US Sanctions Cambodian Military Officials

Combo photo shows director-general of the Defense Ministry’s Material and Technical Services Department, Chau Phirun (L), and Royal Cambodian Navy commander, Tea Vinh.

Pair accused of naval base corruption

PHNOM PENH--Two Cambodian military officials have been sanctioned by the US for their alleged roles in corruption.

Chau Phirun, director-general of the Defense Ministry’s Material and Technical Services Department, and Tea Vinh, a Royal Cambodian Navy commander, allegedly conspired to profit from the construction and updating of Ream Naval Base facilities.

"Chau and Tea were involved in corrupt acts that undermined the rule of law and the Cambodian public’s faith in their government institutions and public processes, including by using their political influence and official power for personal benefit," the US State Department said.

Government spokesman Phay Siphan said sanctioning the officials was an injustice.

"The US did it unilaterally, which demonstrates discrimination and a political agenda," he said.

Cambodia would not respond by taking action against the officials because the country has sovereignty, he added.

Tea Vin said he was busy in a meeting and was not available for comment. Chau Phirun could not be reached for comment.

The US advised American business people operating or considering operating in Cambodia to be mindful of interactions with entities involved in corrupt business practices, criminal activities and human rights abuses.
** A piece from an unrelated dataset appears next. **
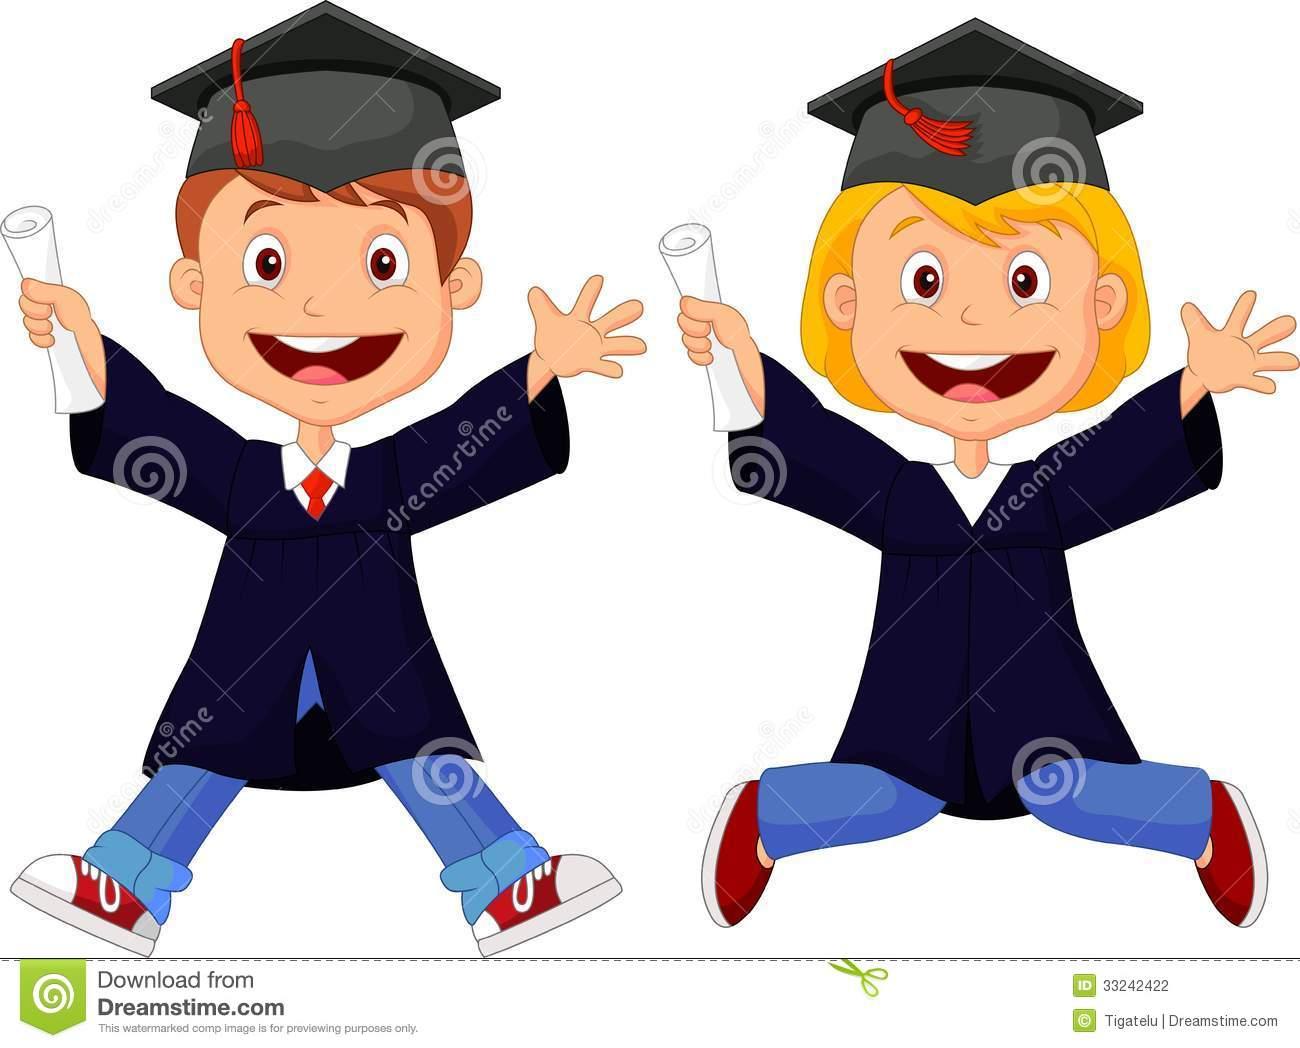 Graduation Cartoon Clipart - Clipart Kid

The US said there were two primary areas of exposure for US companies in Cambodia: Illicit financial activities and related risks in the financial, real estate, casino and infrastructure sectors; and entanglement with entities involved in trafficking in persons, wildlife and narcotics trafficking, and related risks in some areas of the manufacturing and timber sectors.

The US has previously sanctioned generals Kun Kim and Hing Bun Hieng and timber tycoon Try Pheap, as well as ex-Macau triad boss Wan Kuok Koi, also known as “Broken Tooth,” who had business interests in Cambodia.